Возвращаясь в тишину своей маленькой кельи — если уж слишком поздно, чтобы писать тебе, — я принимаюсь за подсчеты. В полном списке академиков я отмечаю тех, кто будет голосовать за меня, а затем сторонников Дальзона. Я произвожу вычитание, сложение — увлекательнейшее занятие! Я тебе потом покажу. Как я уже говорил, за Дальзона стоят „князья“, но автор „Орлеанского дома“, принятый в Шантильи[36], должен меня привести туда и представить в ближайшее время. Если я понравлюсь, — с этой целью я заучиваю наизусть описание битвы при Рокруа[37]; видишь, каким ловким становится твой брат? — итак, если я понравлюсь, автор „Обнаженной“, вышедшей в издании „Эрополис“, потеряет самую верную опору. Что же касается моих убеждений, то я от них не отрекаюсь. Я республиканец, бесспорно, но теперь заходят уж слишком далеко. К тому же я прежде всего кандидат в академики. Сразу после этой непродолжительной поездки я рассчитываю вернуться к моей милой Жермен. Молю тебя не расстраиваться и думать о радости великого дня. Да, дорогая сестра, мы, без сомнения, попадем на „пастбище гусаков“, как выражается эта бесшабашная голова Ведрин, нужно только мужество и терпение.
Любящий тебя брат
Абель Фрейде.
Вскрываю свое письмо. Утренние газеты сообщают о смерти Луазильона. Такие удары судьбы волнуют нас, даже когда их ожидаешь и предвидишь. Какое печальное событие, какая утрата для французской литературы!

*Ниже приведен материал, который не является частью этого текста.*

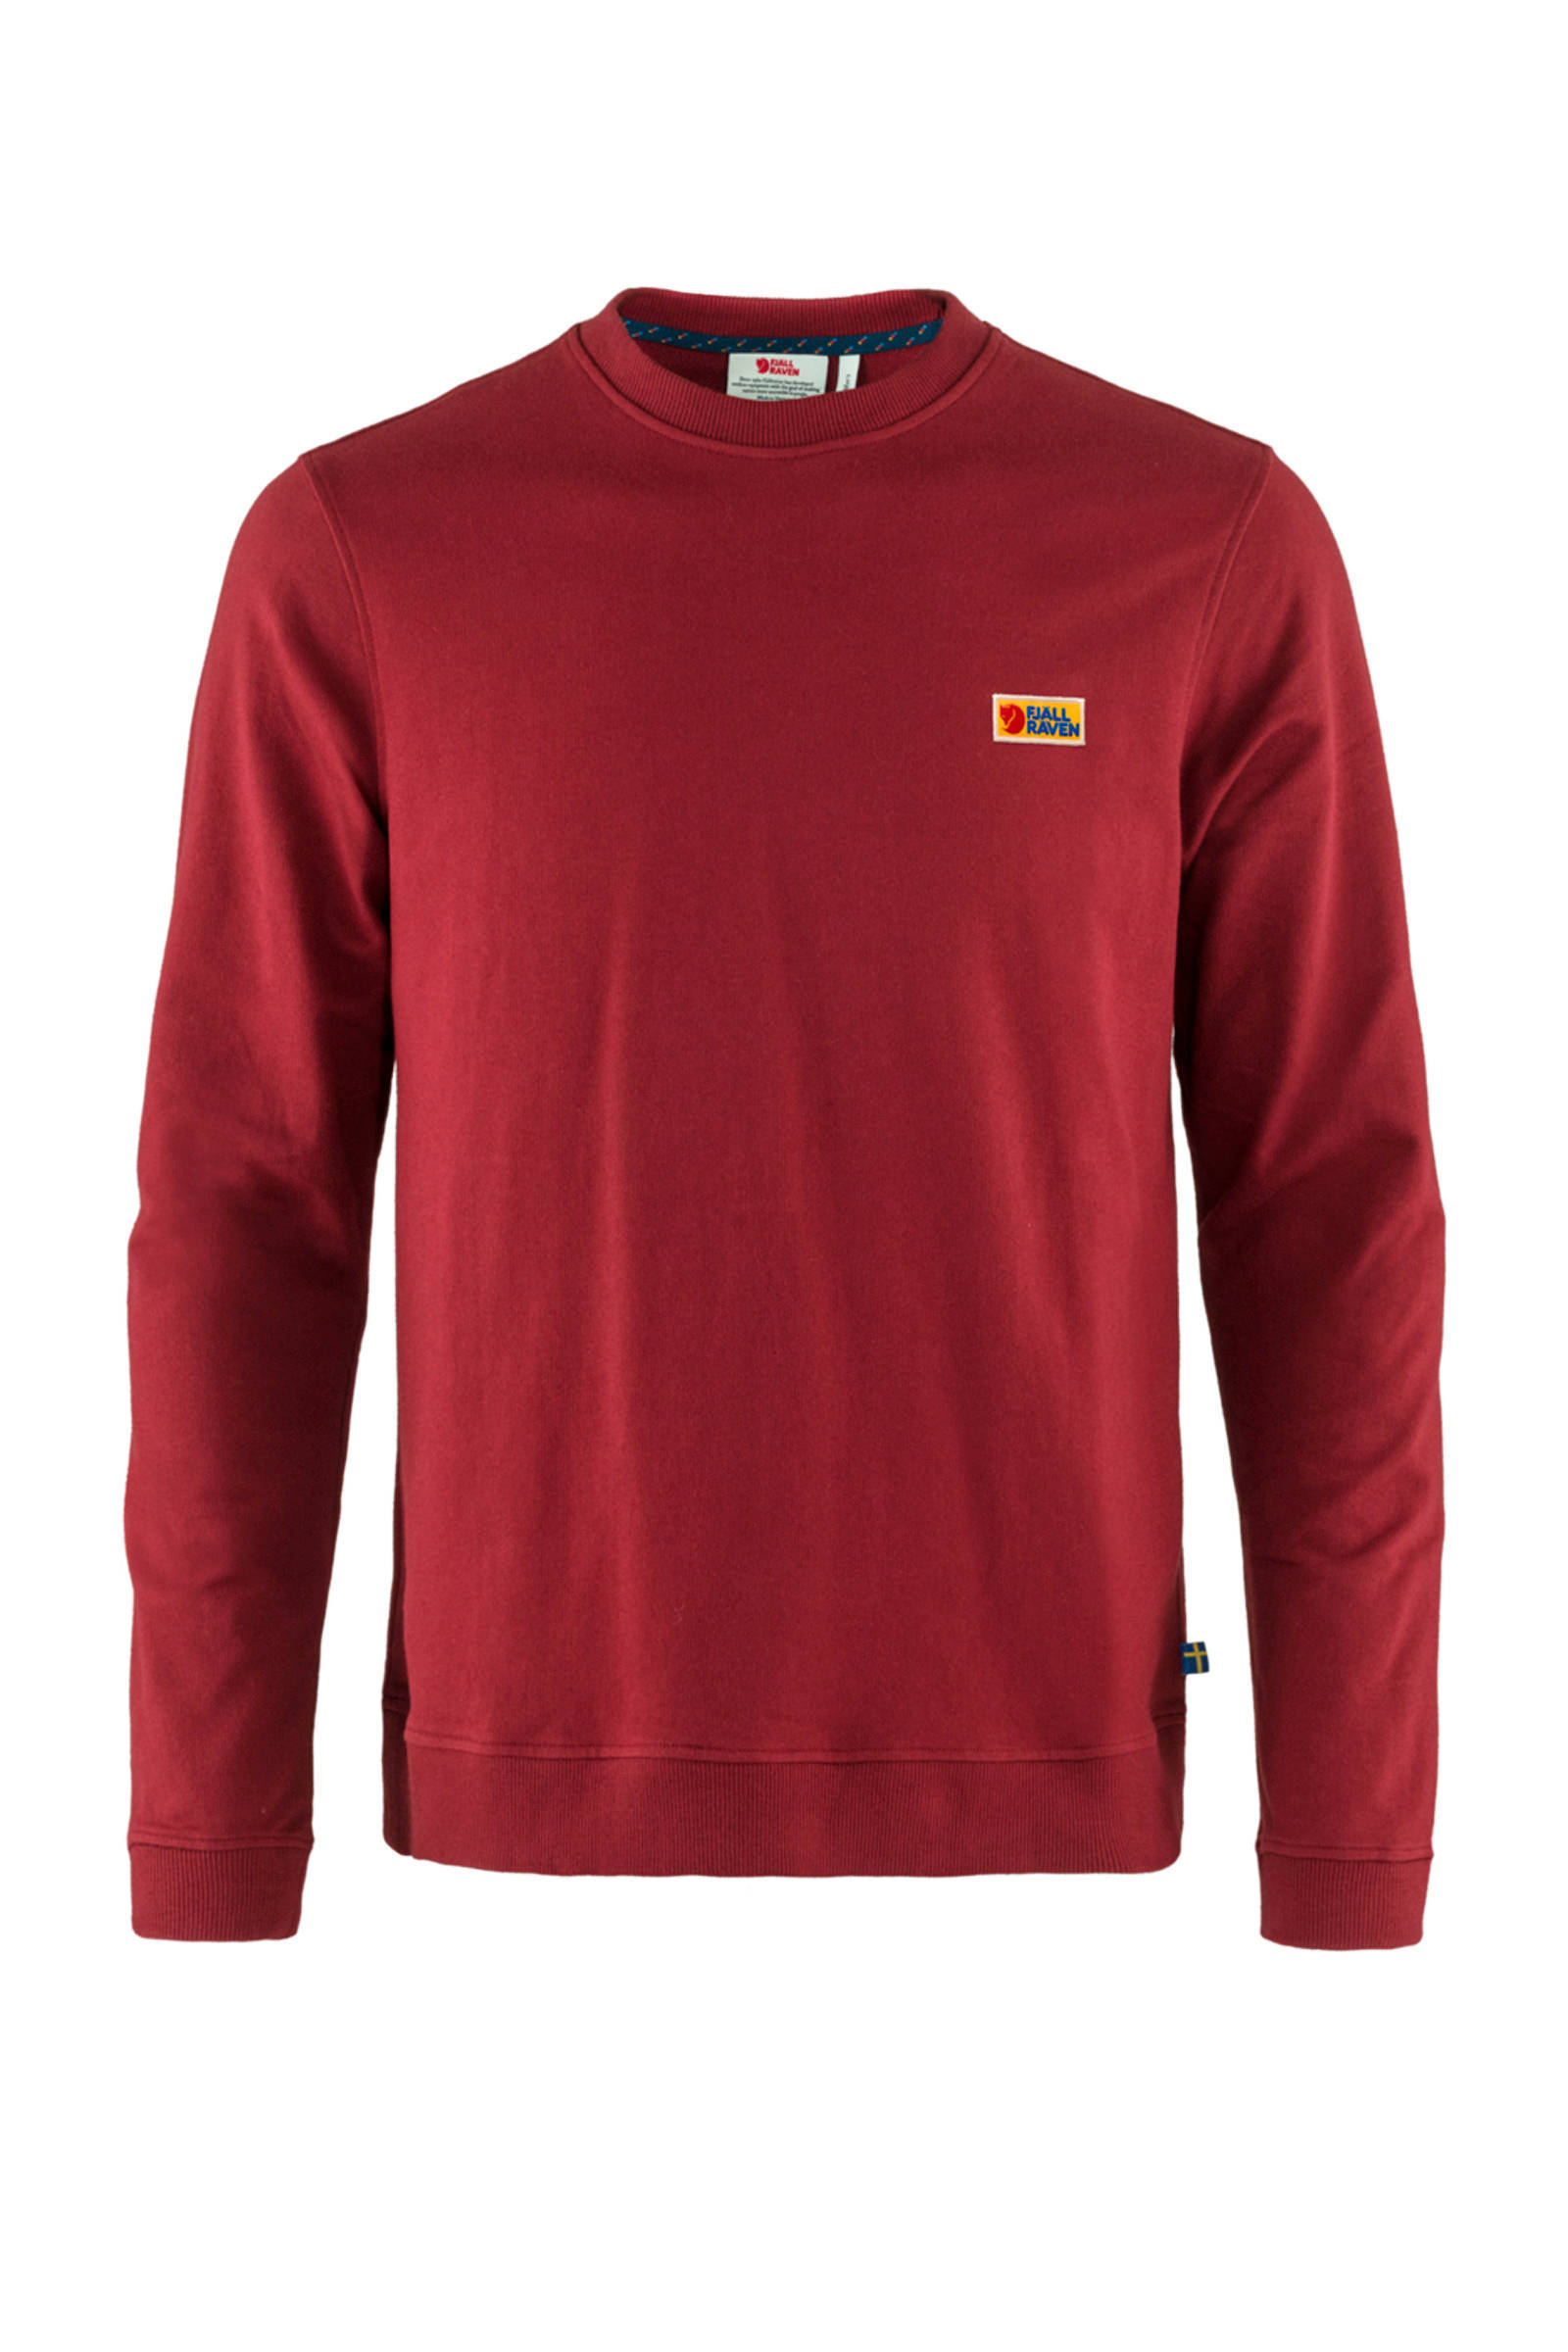 Fj&#xE4, llr&#xE4, ven Vardag Sweater Trui Donkerrood online kopen

Бедная моя Жермен! Отъезд мой, видимо, опять откладывается. Рассчитайся с арендаторами. В ближайшие же дни напишу тебе».
VIII
Так уж было предопределено, что Луазильону повезет во всем, даже умрет он вовремя. Неделей позже салоны были бы закрыты, весь Париж разъехался бы, наступили бы каникулы и в палате депутатов, и в Академии, и только делегаты от многочисленных обществ, в которых покойный состоял председателем или секретарем, поплелись бы за гробом позади стяжателей академических жетонов, и больше никого. Но Луазильон показал себя ловкачом и после смерти: он отправился на тот свет как раз накануне розыгрыша первого приза на скачках, выбрал безмятежно спокойную неделю, без преступлений, без дуэлей и сенсационных процессов, без политических скандалов, когда торжественные похороны непременного секретаря Академии должны были явиться единственным развлечением Парижа.